#### [DIRECTIONS FOR THIS TASK]
Print exactly the lines from the one that contains "Găng tay phẫu" through the last line of the material, both included, and leave out all pictures.

#### [PROVIDED DATA]
* * * *
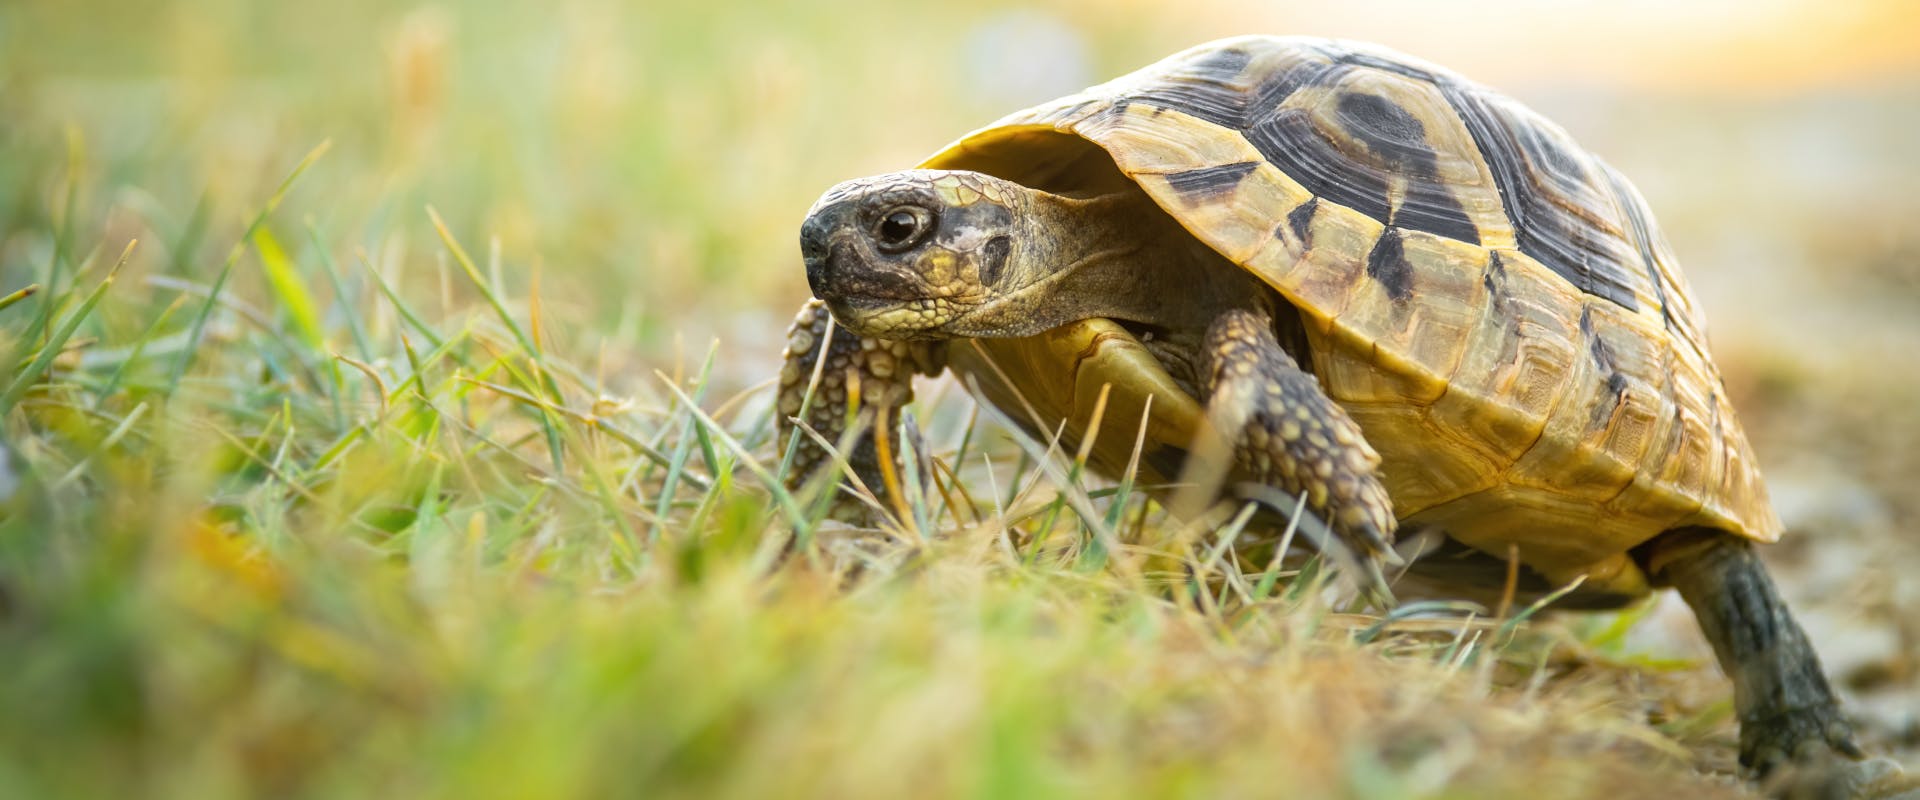 A tortoise outside.
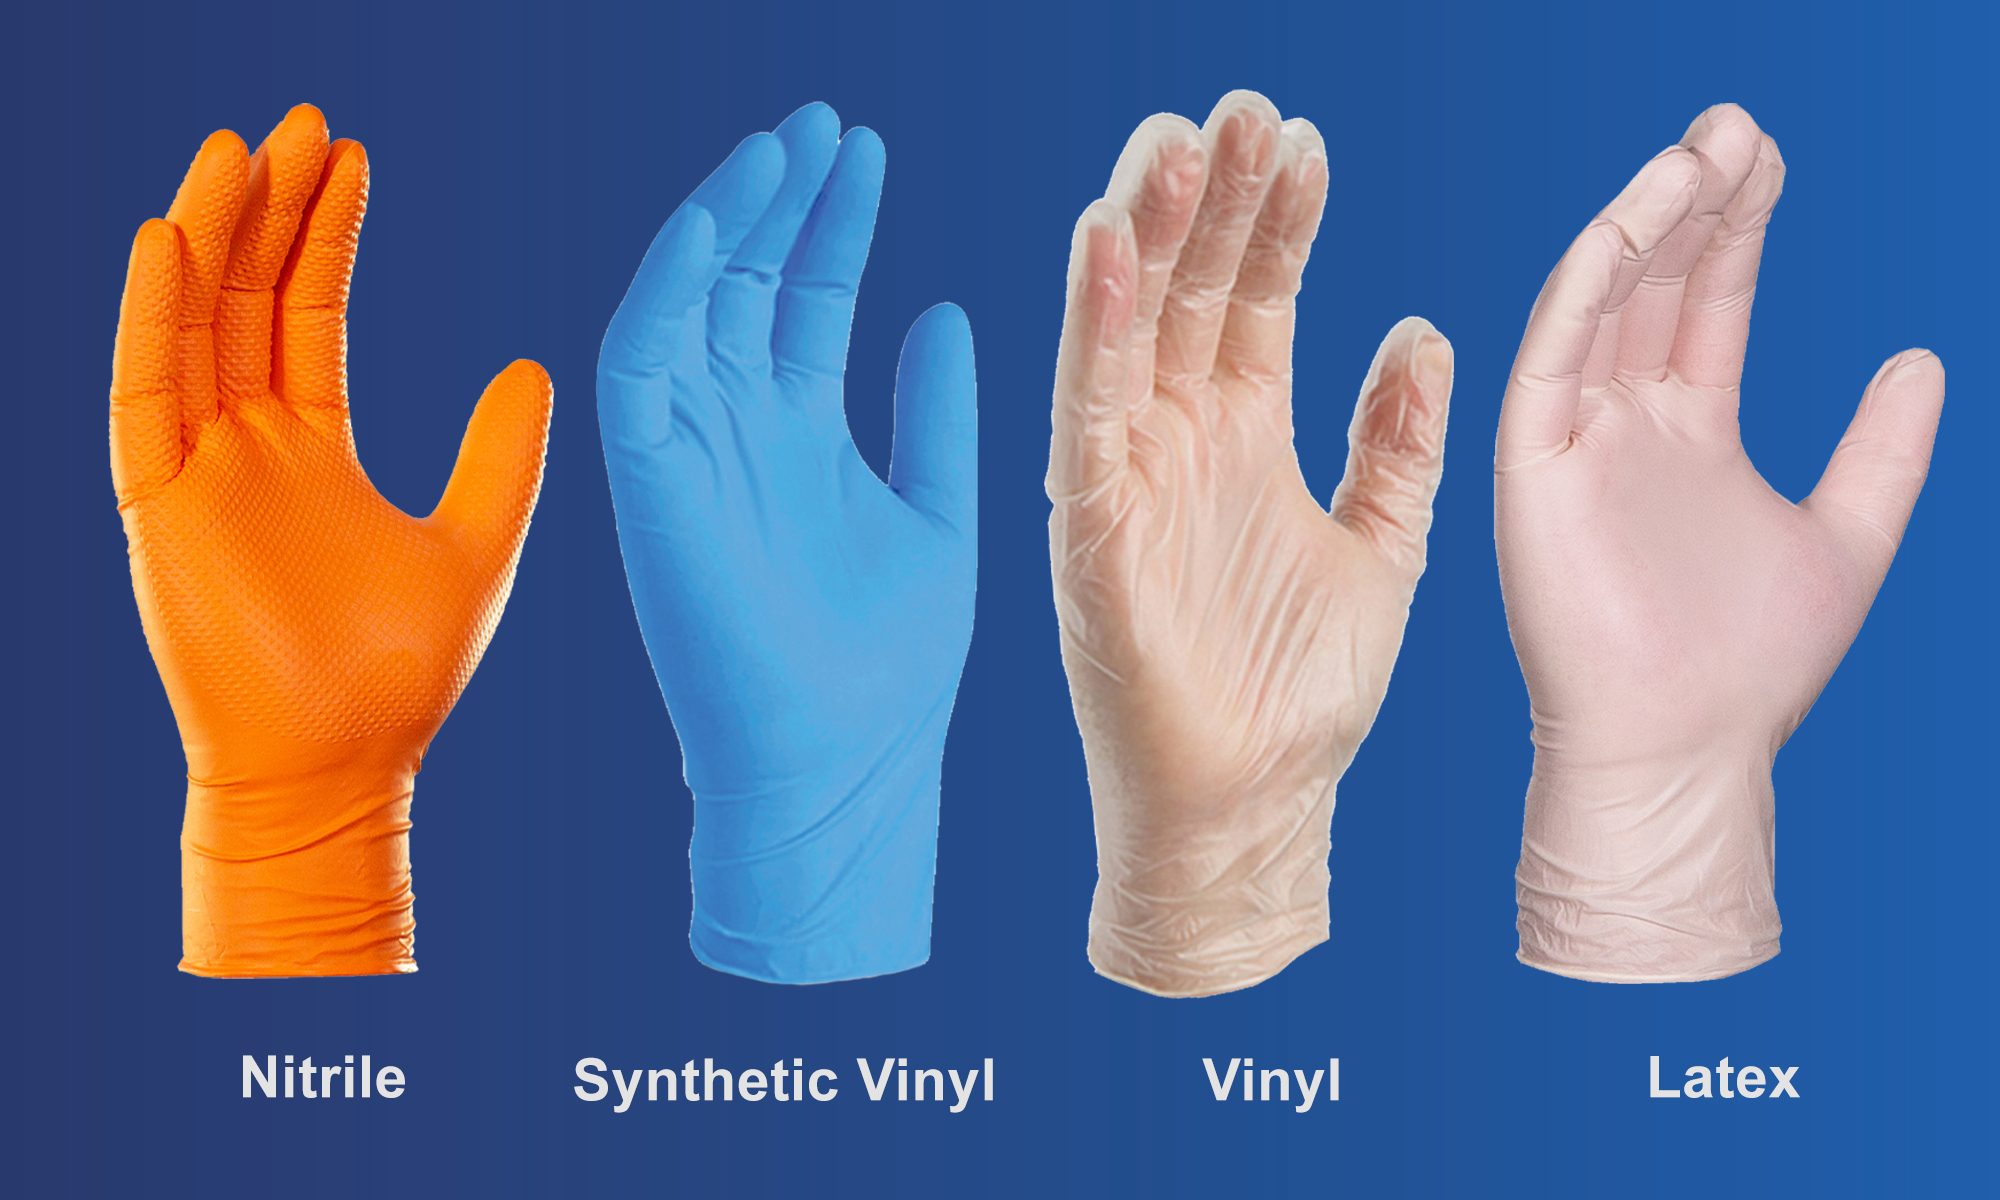 Găng tay phẫu thuật được làm từ Vinyl khi so với các chất liệu khác
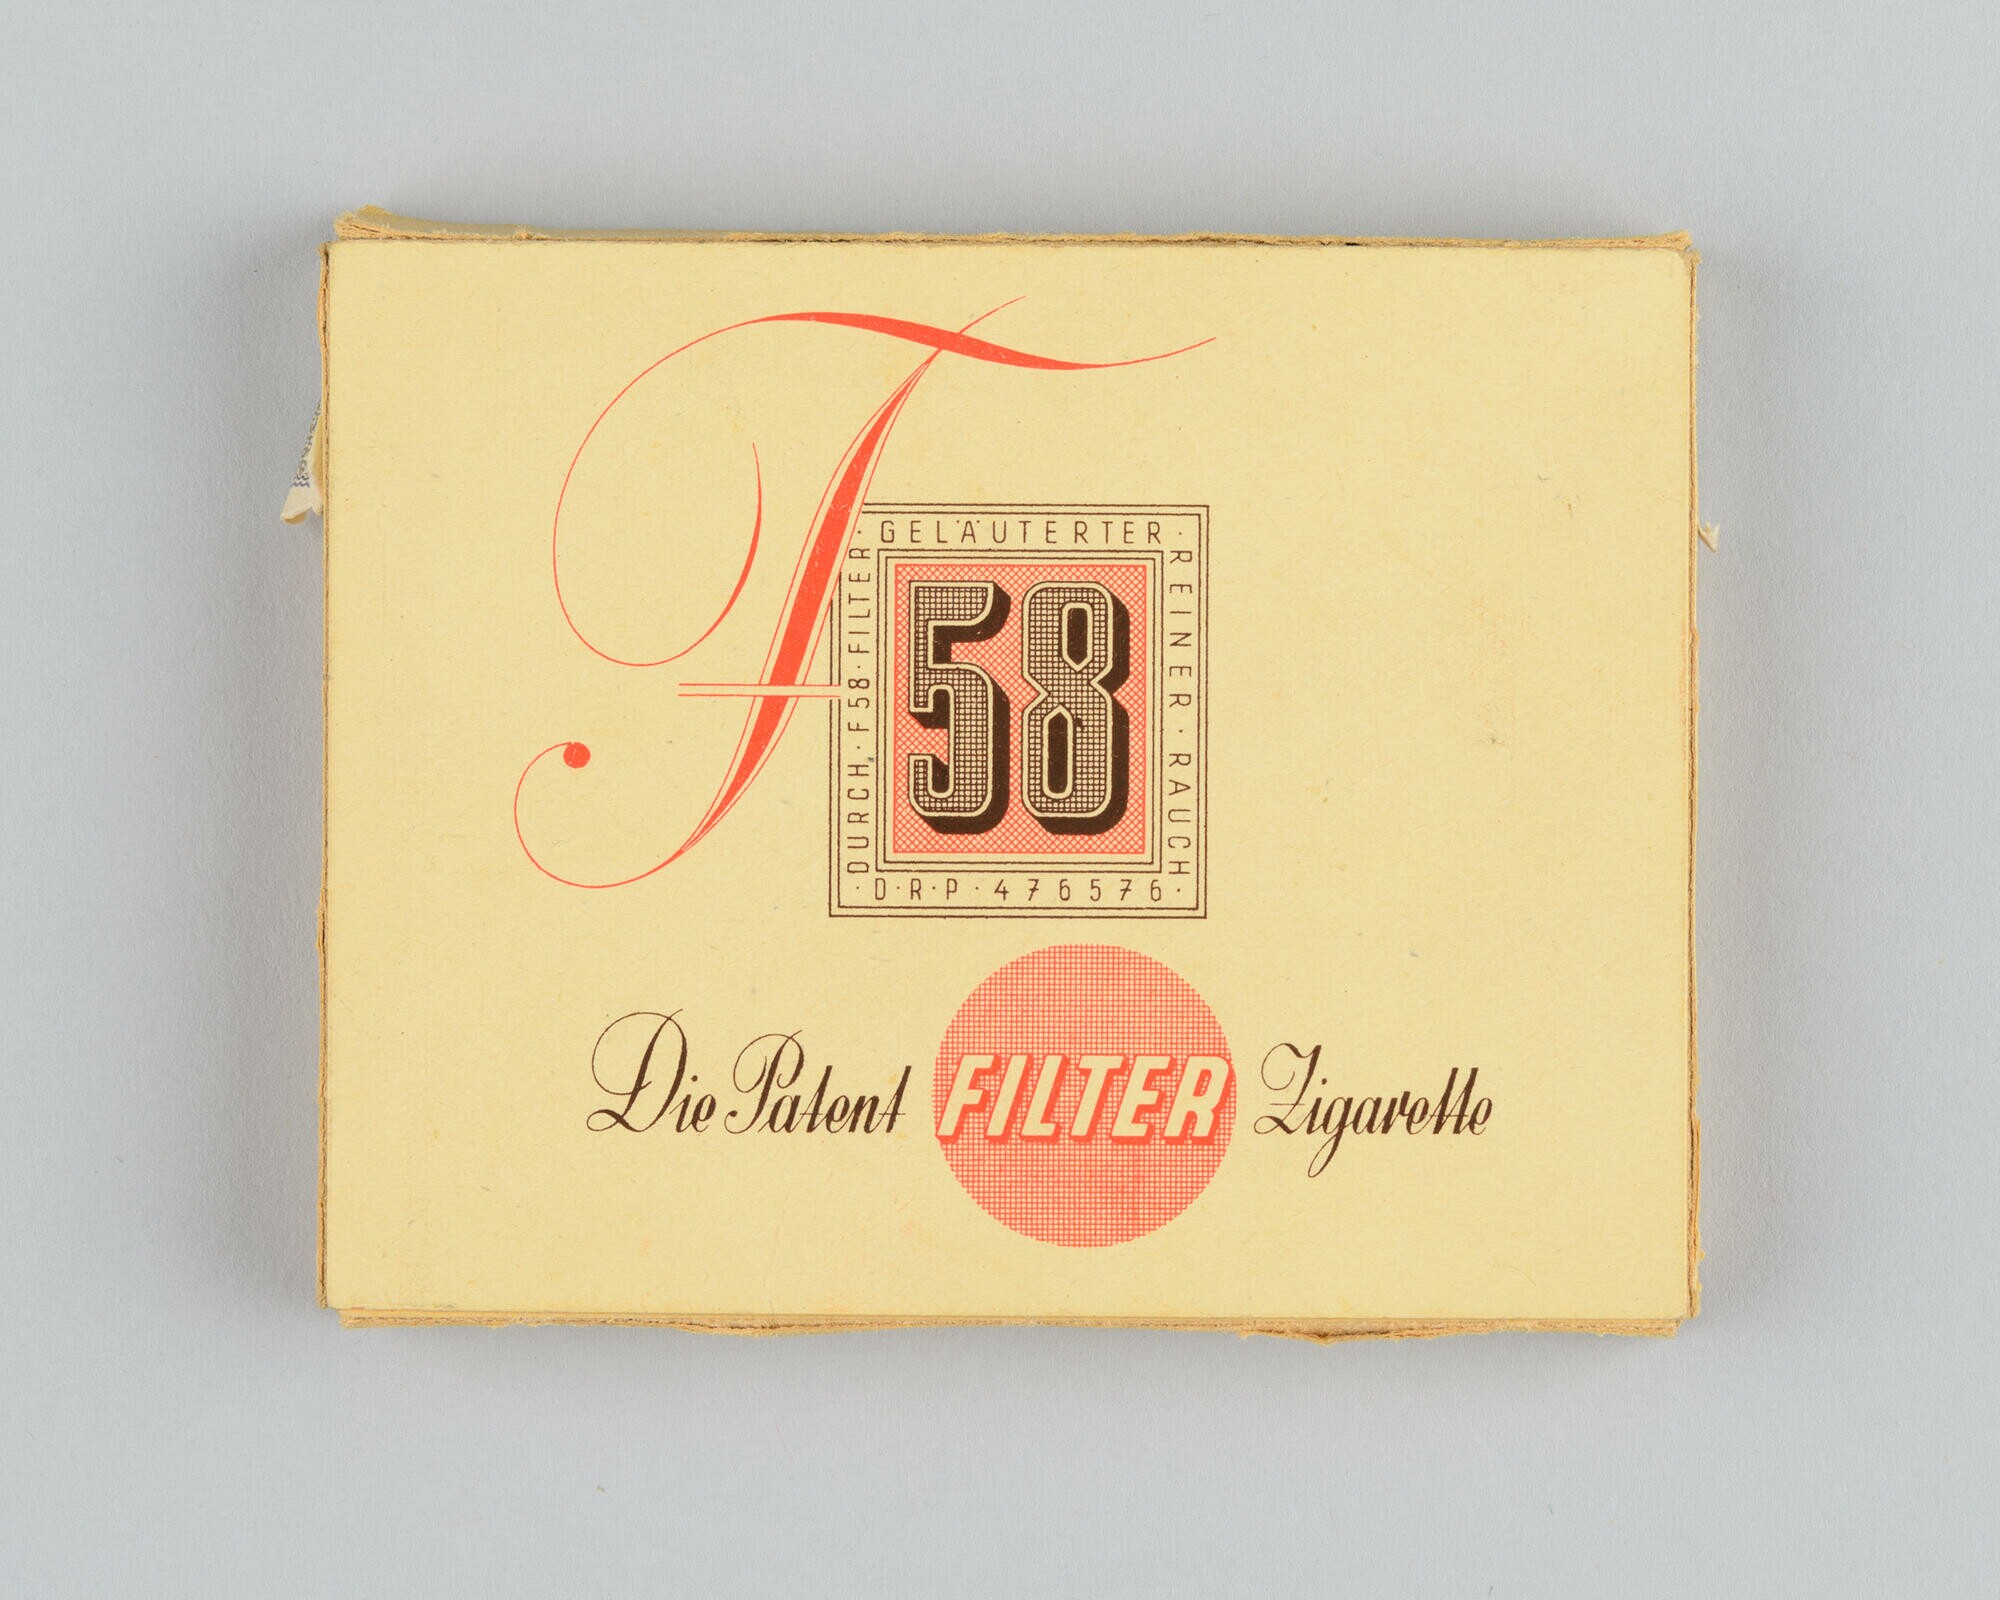 Zigarettenschachtel mit 10 Zigaretten der Marke "F 58" (Filter) (Stadtmuseum Dresden CC BY-NC-ND)
* * * *
#### [WRITTEN RESPONSE]
 Găng tay phẫu thuật được làm từ Vinyl khi so với các chất liệu khác
 Zigarettenschachtel mit 10 Zigaretten der Marke "F 58" (Filter) (Stadtmuseum Dresden CC BY-NC-ND)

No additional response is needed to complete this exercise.